Evaluating network meta-analysis feasibility requires assessing transitivity. This study introduces a novel method using hierarchical clustering to identify potential intransitivity, improving systematic review validity.
Area of Science:
- Biostatistics
- Epidemiology
- Health Research Methodology
Background:
- Network meta-analysis (NMA) feasibility hinges on the transitivity assumption, which is difficult to evaluate empirically.
- Transitivity requires no systematic differences in effect modifiers across treatment comparisons within a network.
- Existing methods for evaluating transitivity are complex and rely heavily on epidemiological interpretation.
Purpose of the Study:
- To propose a novel methodological framework for evaluating the transitivity assumption in network meta-analysis.
- To develop an approach for detecting potential intransitivity using study-level characteristics.
- To provide a semi-objective method for assessing the validity of network meta-analysis.
Main Methods:
- Calculating dissimilarities between treatment comparisons based on aggregate participant and methodological characteristics.

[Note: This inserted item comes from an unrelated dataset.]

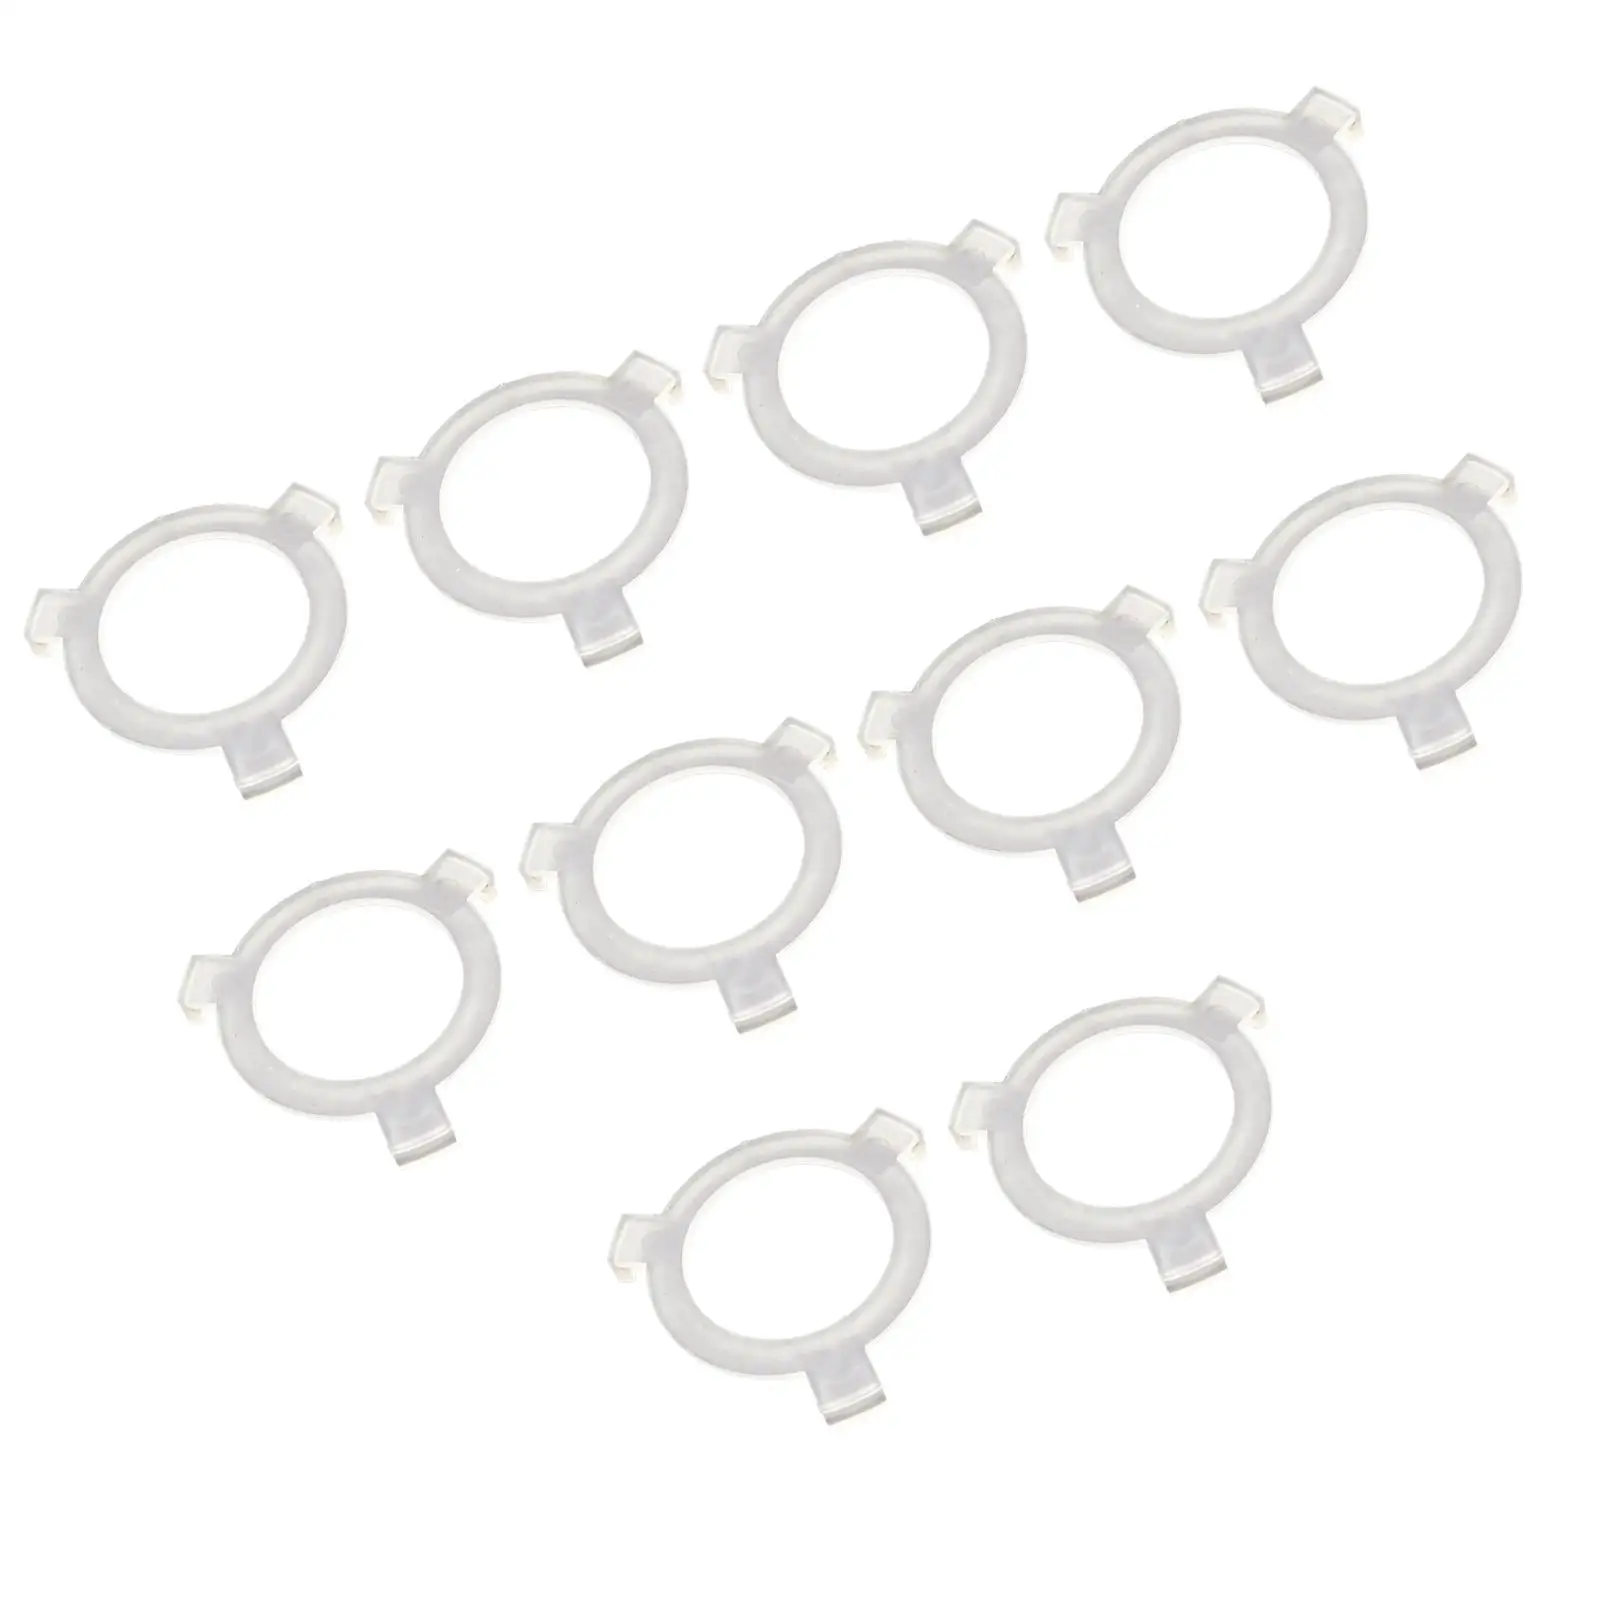 10 Pieces E27 to E26 Light Holder Converter Lampshade Adapter Washer Lighting Accessory

- Applying hierarchical clustering to group similar treatment comparisons.
- Quantifying clinical and methodological heterogeneity within and between comparisons.
Main Results:
- The proposed approach identified varying levels of between-comparison dissimilarities in investigated networks.
- Several treatment comparisons showed "likely concerning" non-statistical heterogeneity, indicating potential intransitivity.
- Hierarchical clustering revealed clusters of studies, suggesting areas requiring closer examination for transitivity violations.
Conclusions:
- The novel approach facilitates empirical evaluation of transitivity in network meta-analysis.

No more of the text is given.